In order to ensure the comprehensiveness and accuracy of the experiment, 2 task points were set up in the scene, each of which was independently experimented for testing the navigation performance of the UAV in different situations. During the experiment, the UAV adopts the traditional artificial potential field method and the improved artificial potential field method, respectively, and is considered to have completed a flight mission when it starts from the starting position (0,0,0) and successfully reaches the task point while ensuring that it avoids all the obstacles in the scene. In order to ensure the reliability of the experimental results, 10 independent experiments were conducted for each task point. The performance of the three algorithms is evaluated by comparing the flight trajectories, flight times, and flight distances of the three algorithms in accomplishing the tasks.

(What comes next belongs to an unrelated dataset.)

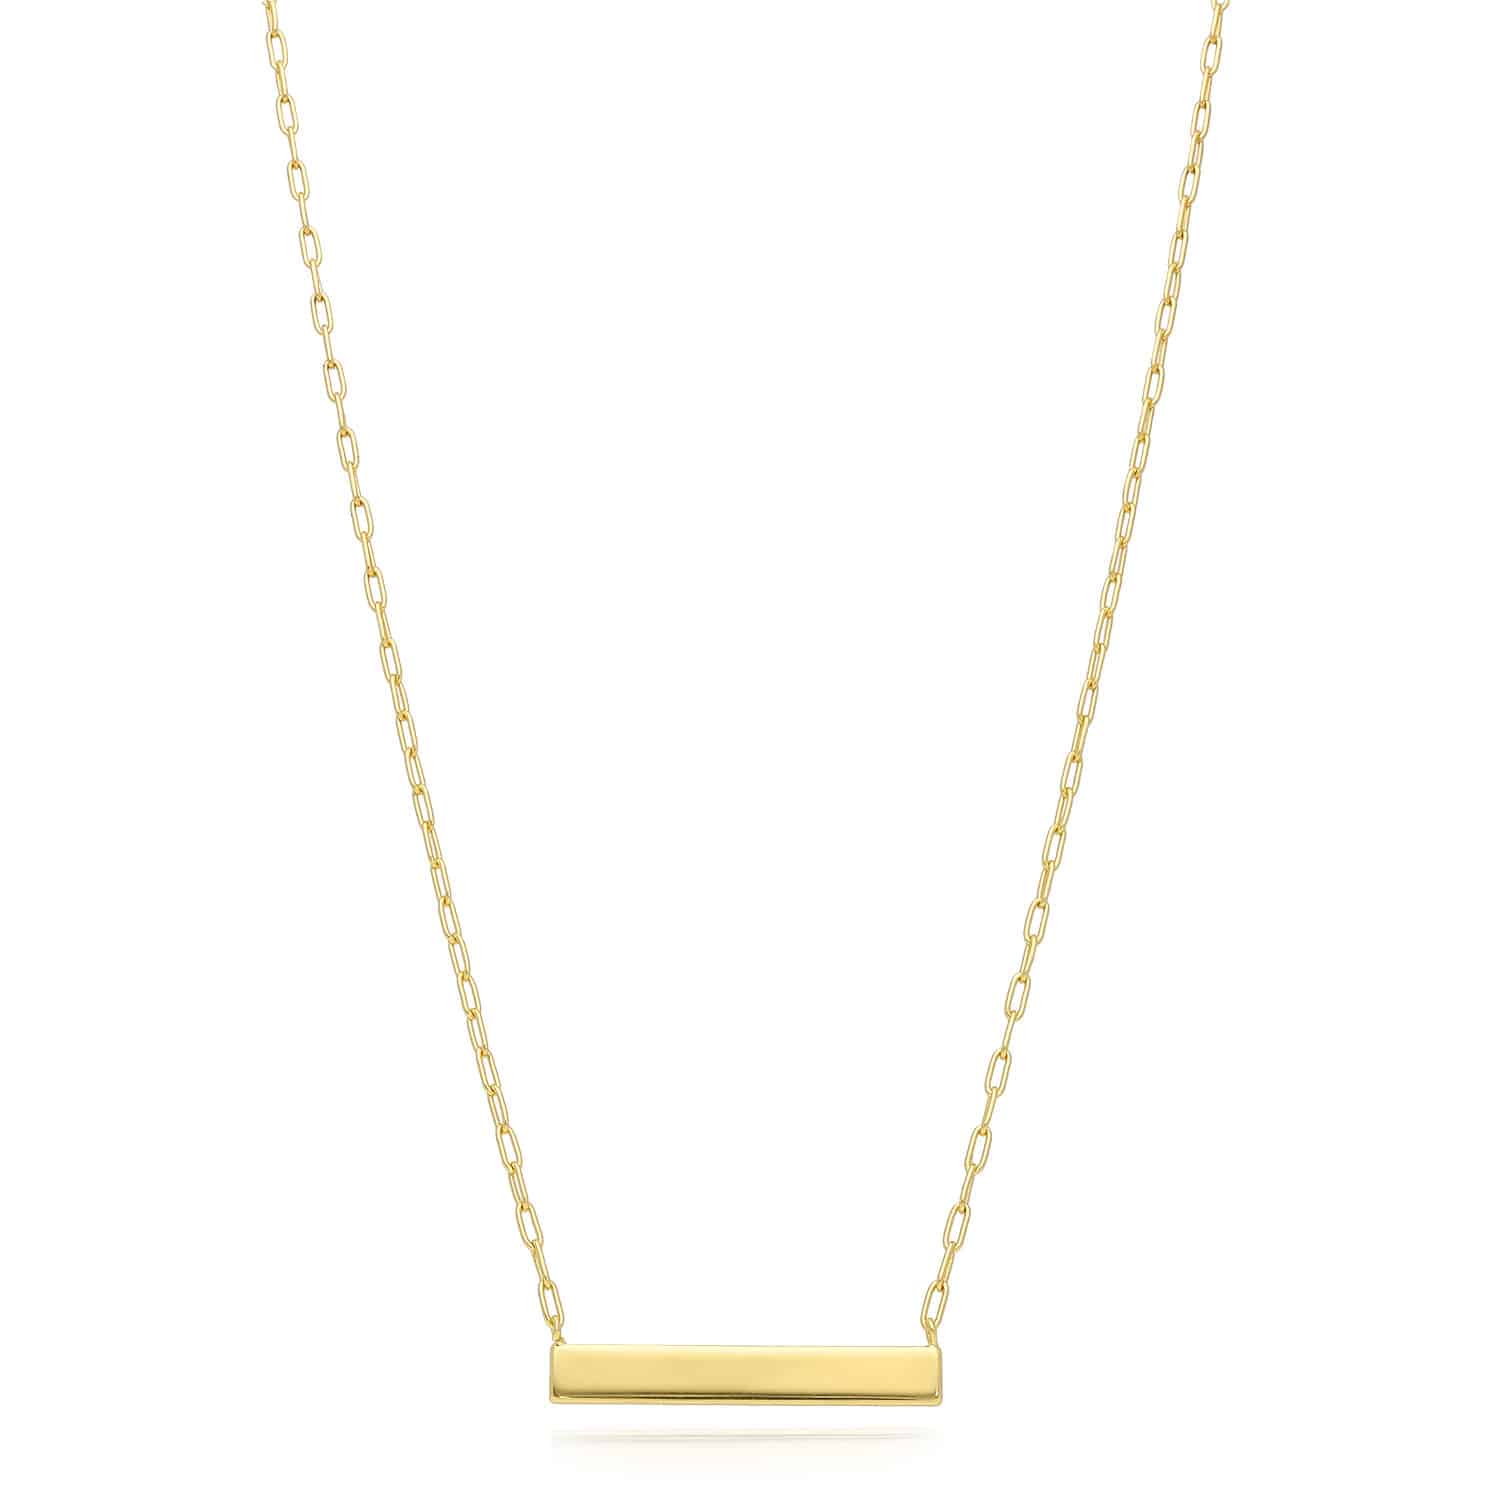 Engravable Gold Over Silver Paperclip Personalized Bar Pendant Necklace 16"-18" - Yellow Gold Plated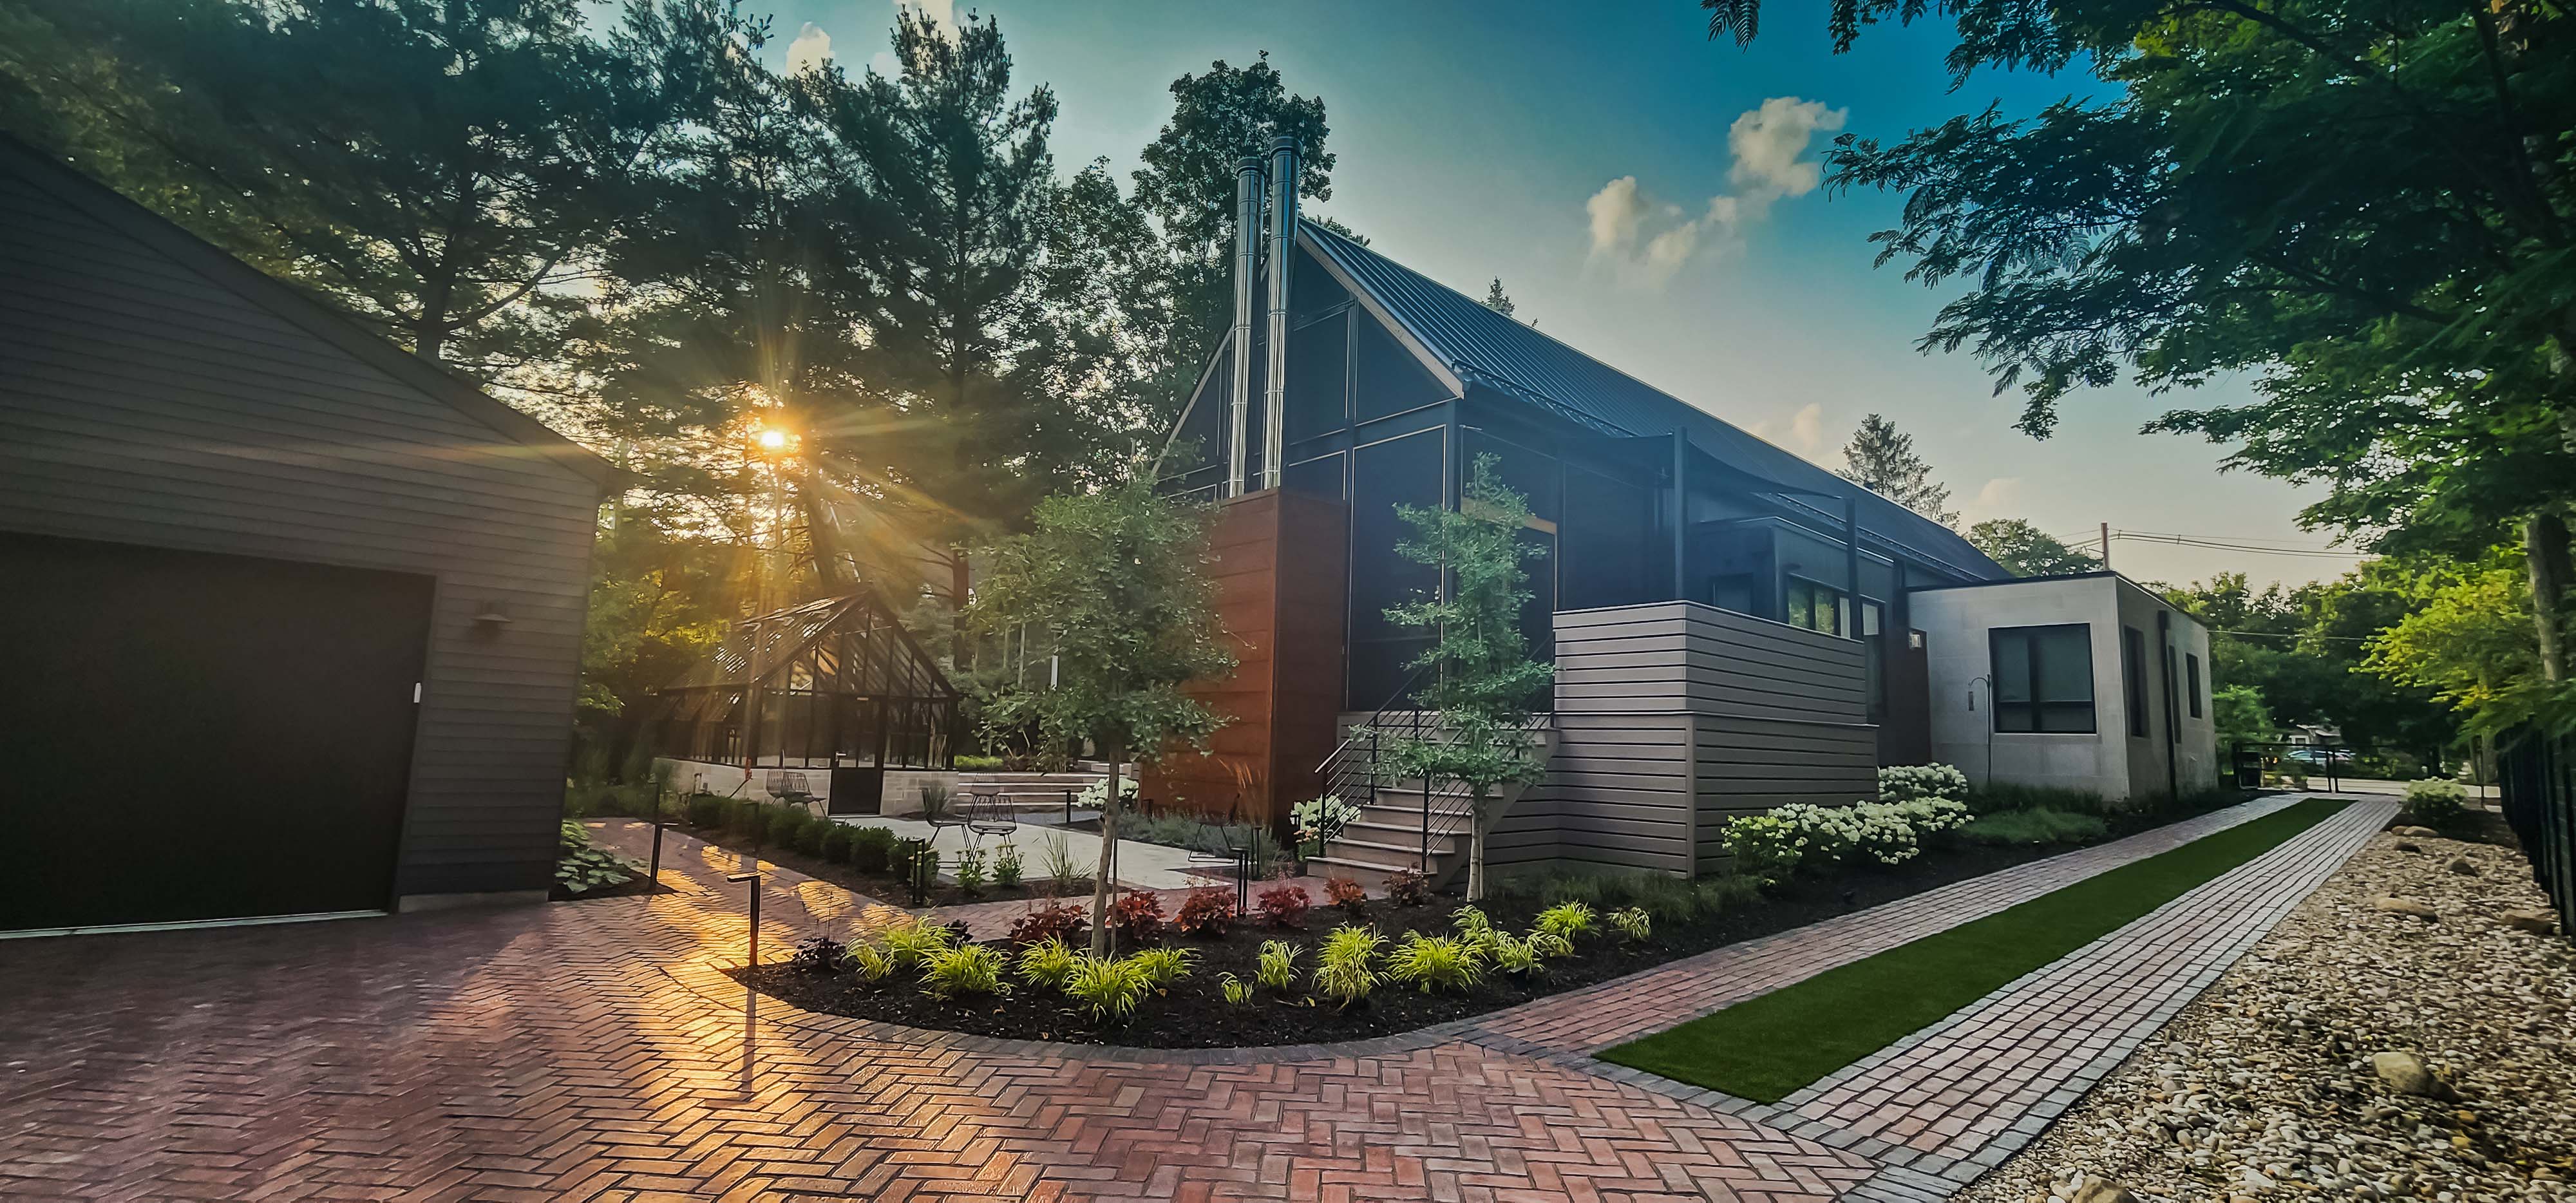 Brick Driveway and landscaping at modern house with greenhouse at  sunset

The detailed information of the setup task points is shown in Table 5. The task points are set from near to far, covering different spatial locations and obstacle distributions, aiming to comprehensively test the navigation performance and adaptability of the artificial potential field method.

As shown in Figure 9, the experimental trajectory data of the traditional artificial potential field method and the improved artificial potential field method in the UAV virtual–real integration verification platform for Task 1 is presented. The blue represents LSTM-DQN-APF, the green represents Ge-Apf, and the red represents APF. It can be seen that compared to APF and GE-Apf, the LSTM-DQN-APF algorithm trajectory is smoother and does not exhibit severe fluctuations or abrupt changes.

From Figure 10, it can be seen that the flight time of LSTM-DQN-APF, represented by blue, is significantly shorter in all 10 experiments compared to APF, represented by red, and Ge-Apf, represented by green. The average flight time of the LSTM-DQN-APF algorithm is 12.87 s, while the average flight times of Ge-Apf and APF are 16.65 s and 19.16 s, respectively. The difference in flight times reflects the significant improvement in flight efficiency of LSTM-DQN-APF. The shorter flight time not only means that the UAV can complete flight missions faster but also reduces energy consumption, thereby extending the UAV’s endurance. Figure 10 compares the performance of the three algorithms in terms of flight distance. The average flight distance of the LSTM-DQN-APF algorithm to the target point (20,20,5) is 32.89 m, while the Ge-Apf and APF algorithms are 36.73 m and 39.81 m, respectively. The average variance of the flight time for APF is 15.424 s, for Ge-Apf it is 6.72 s, and for LSTM-DQN-APF it is 1.336 s; the average variance of the flight distance for APF is 67.942 m, for Ge-Apf it is 9.41 m, and for LSTM-DQN-APF it is 9.896 m.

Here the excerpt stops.